Королева, обычно столь осторожная, когда дело касается её достоинства, смеялась вместе с остальными. Невеста стиснула ладони, её взгляд был прикован к сцене и полон восхищения.
Уилл Кемп чувствовал себя как в раю.
Однажды, за пару лет до того, как мы исполнили «Сон в летнюю ночь», когда брат ещё был со мной учтив, мы вшестером отправились в таверну «Дельфин» после первого представления «Ричарда II». Спектакль прошёл хорошо, и брат пребывал в хорошем расположении духа. С ним рядом сидела милая рыжая Нелл, держа его за руку. Он заказал устриц и эля, но почти ни с кем не разговаривал, кроме зрителей, которые подходили к нашему столу и поздравляли его. Брат был с ними учтив, но не хотел, чтобы они задерживались. Он был счастлив.
Разговор становился всё громче, актёры заново переживали некоторые эпизоды на сцене. Августин Филипс, игравший Ричарда, хихикал, потому что чуть не забыл некоторые реплики.
— Я был в панике!
— Никто не заметил, — ответил кто-то.
— Какие реплики? — спросил мой брат.
— Часы растратив, стал я сам часами, — продекламировал Августин.
И мой брат, обычно такой сдержанный, вдохновился строками. Он спросил, видели ли мы часы его милости в Сомерсет-Хаусе, но никто из нас не видел. Он описал их, изумительное изобретение из дисков и колёс, винтиков и цепей, ведущих стрелку вокруг диска с нарисованными цифрами. Как он объяснил, чтобы часы работали, нужно потянуть гирю вверх, а потом она медленно опустится, оживив сложный механизм за циферблатом.

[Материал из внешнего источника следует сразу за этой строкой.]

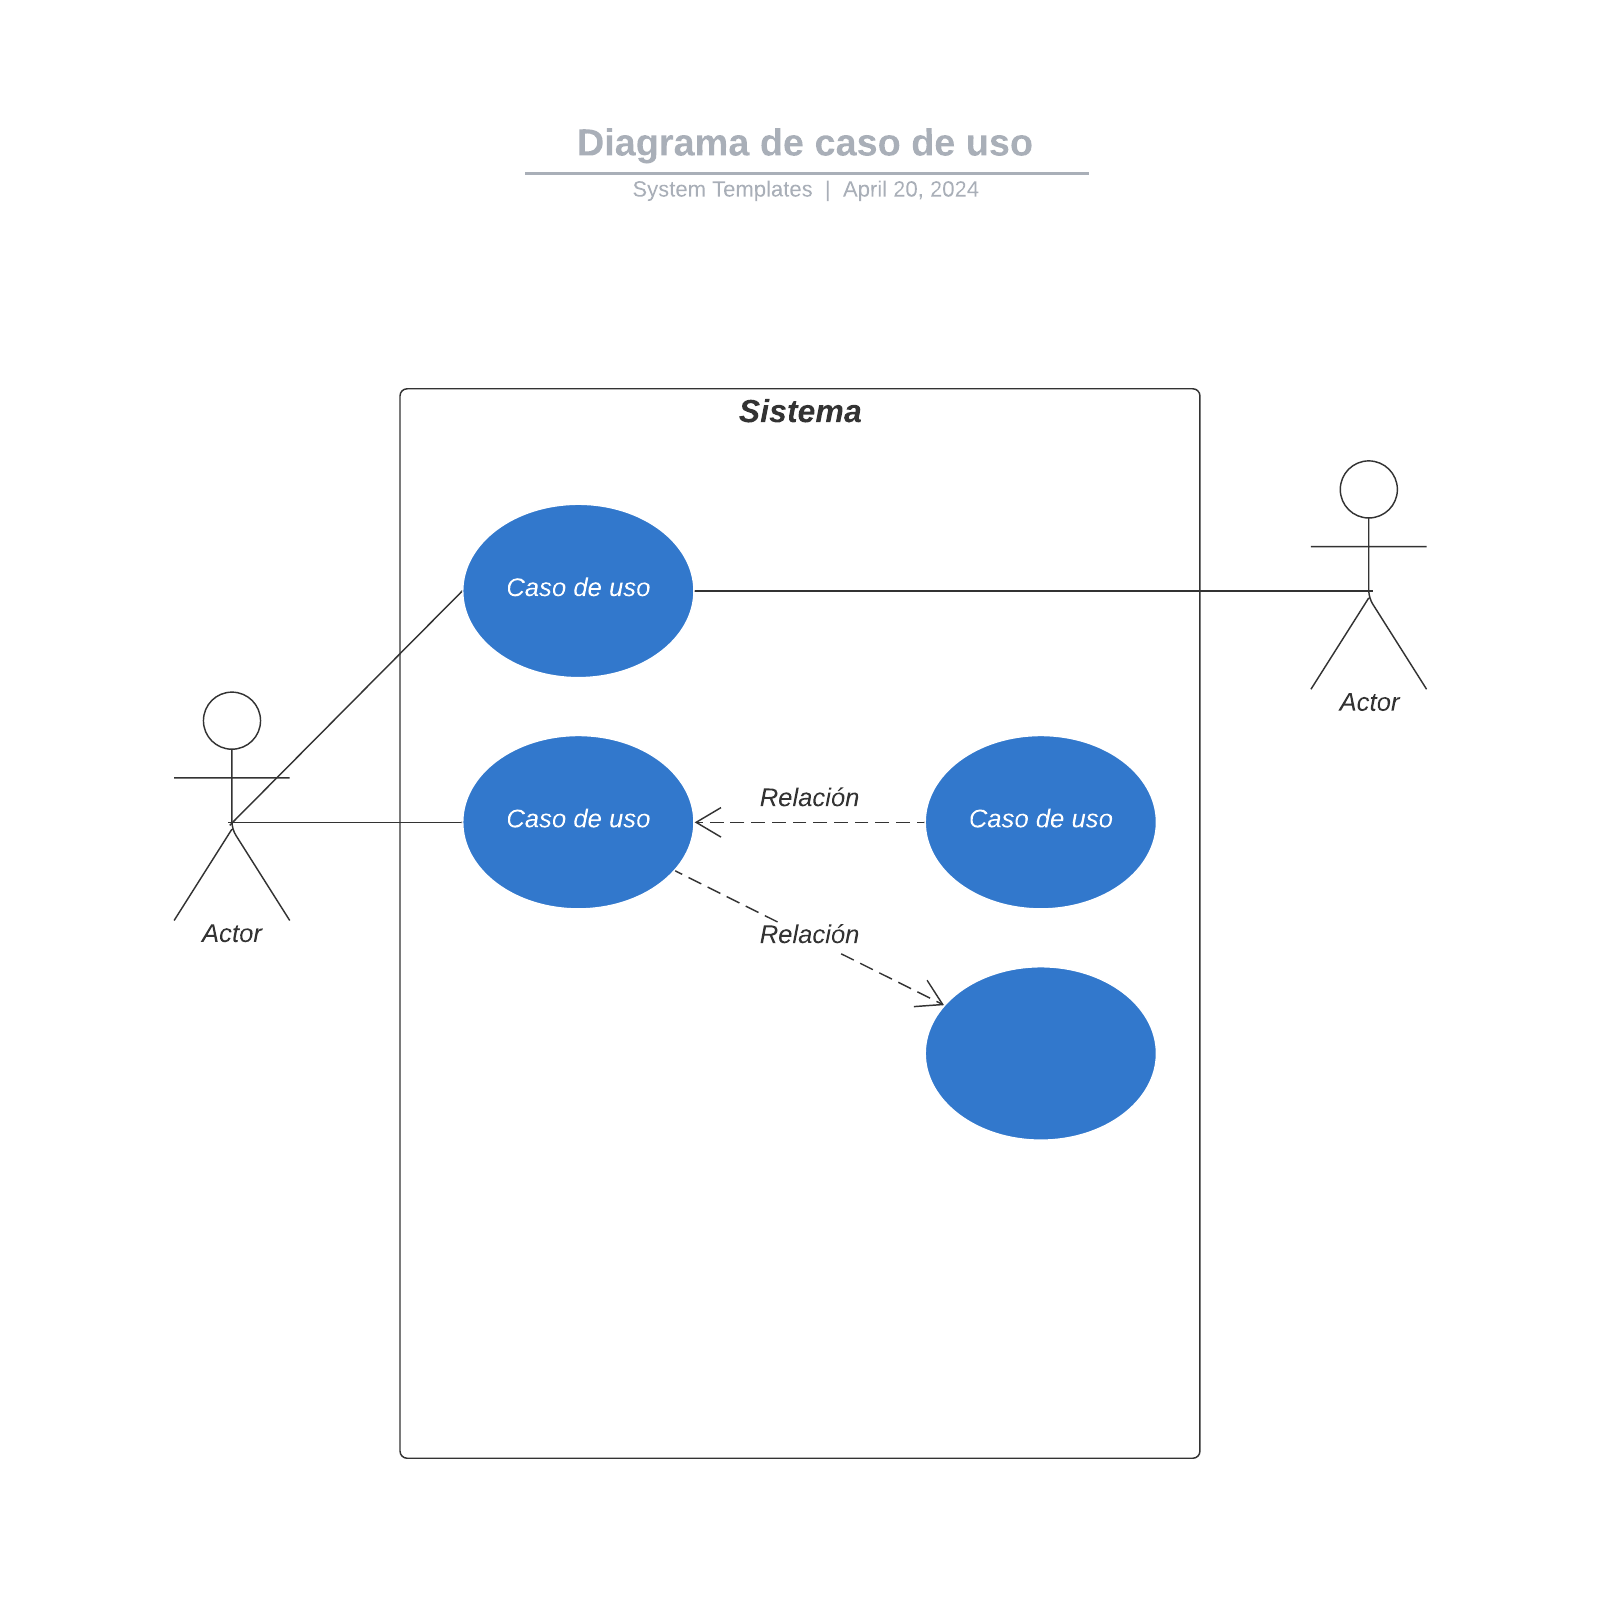 Diagrama de caso de uso example

— Пьеса похожа на часы, — сказал он.
— Как бы не так, Уилл! — засмеялся Уилл Кемп.
— Именно так! — возразил мой брат, правой рукой поглаживая Нелл по голове.
— И чем же, мой слабоумный поэт, пьеса похожа на часы? — спросил Уилл Кемп.
— Первый акт спектакля мы поднимаем гирю вверх, — сказал брат. — Подготавливаем почву, устраиваем неразбериху, запутываем жизни героев, создаём предательство или вражду, а затем отпускаем гирю, и все распутывается. Стрелка движется по циферблату. Это, друг мой, и есть спектакль. Плавное движение стрелки часов, распутывание.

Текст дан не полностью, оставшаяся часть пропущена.